Дебютант дал команду химере, а сам с криком и лазерным мечом побежал на врага. Чемпион опустил шлем и вышел вперед, принимая удар на себя. Носорог с разгона врезался в него, но не смог сбить с ног. Чемпион ударил лазерными когтями в шею химере, и та захрипела, захлебываясь в крови. В падении она успела обернуться на своего хозяина, который, подбежав, замер в шоке. Дебютант перевел взгляд на своих противников, затем на свою химеру… и бросился бежать. Химера чемпиона в несколько прыжков догнала дебютанта, схватила беглеца огромной лапой, затем второй и, подняв его над головой, разорвала пополам. Голограмма фейерверком показала разлетающиеся кишки, органы и кровь, падающую на песок. Толпа бесновалась, оглушая радостными возгласами, а парень совершивший ошибку, смотрел пустым взглядом в песок, поплатившись за неё своей жизнью. Из всех зрителей, наверное, я был единственным, кто не радовался глупой смерти. Кровожадность людей поражала.

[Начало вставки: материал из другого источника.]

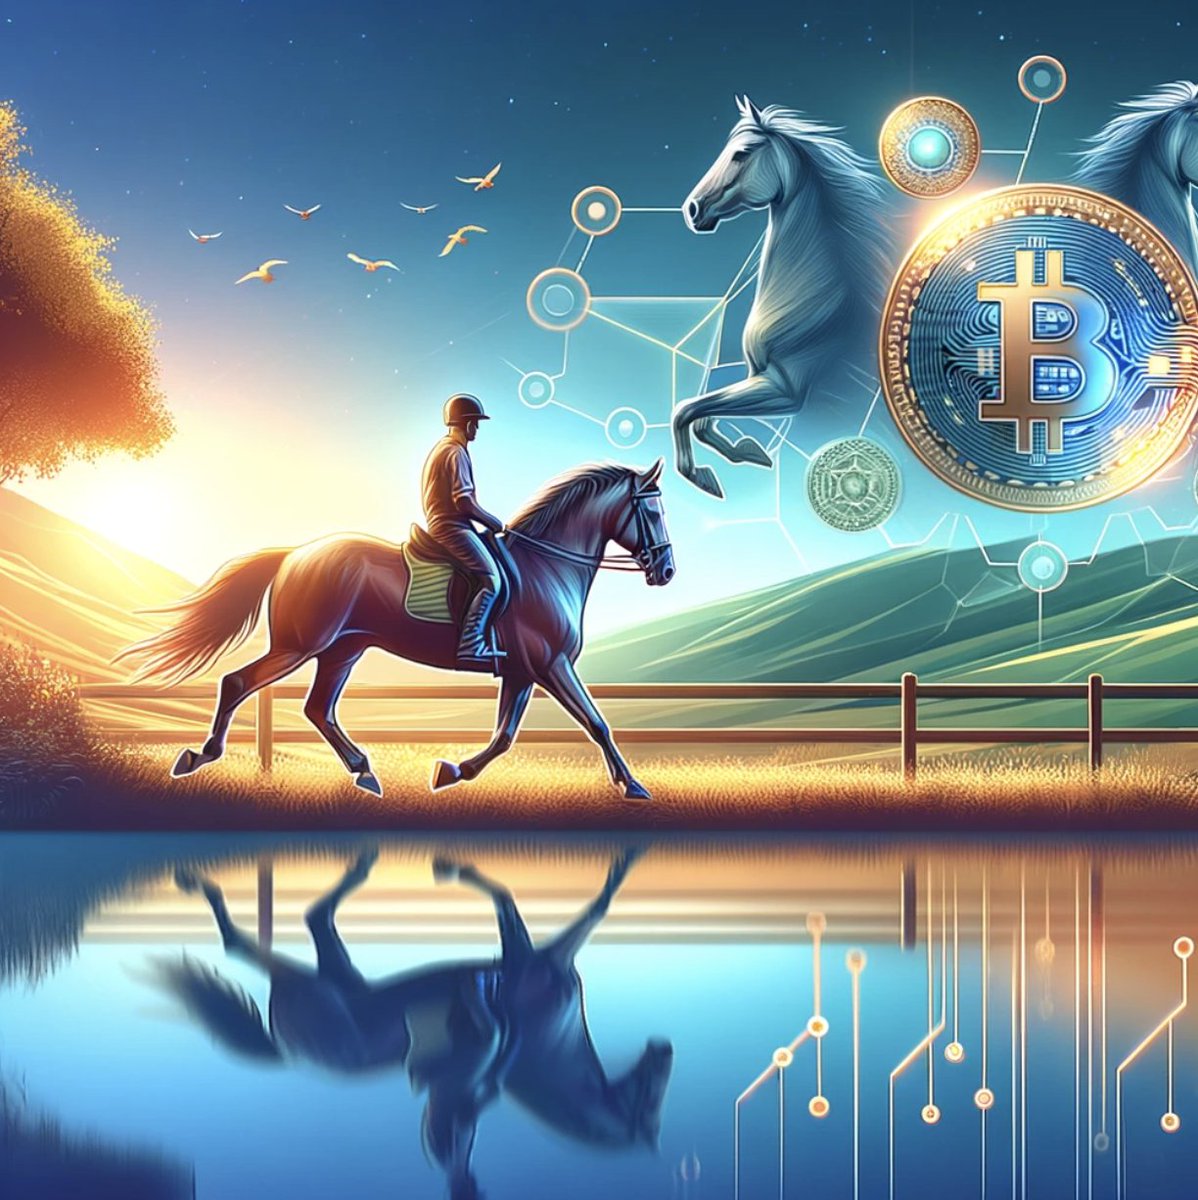 Every ride changes the horse, and at #GunnerCoin, we believe in positive transformation. 🐎💼 It's our mission to ensure that with every @base transaction, our community and technology improve for the better. Join us in shaping a brighter crypto future. 🚀 #ChangeForTheBetter

— Триумфальная победа! — сказал ведущий.

Я фыркнул. Развернулся и хотел уйти, но заметил, как Гем смотрит на химеру победителя.

— Ну, что, может быть, есть те, кто готов сразиться? — спросил ведущий.

Гемелла посмотрела на меня, затем перевела взгляд на арену и двинулась туда, как бы говоря «я хочу сразиться». Я смотрел на неё, видел её рвение, но про себя думал, что это безумие, что нечего нам там делать, ей нужен отдых от недавнего боя. Наш безмолвный спор заметил ведущий, который выискивал претендента в толпе.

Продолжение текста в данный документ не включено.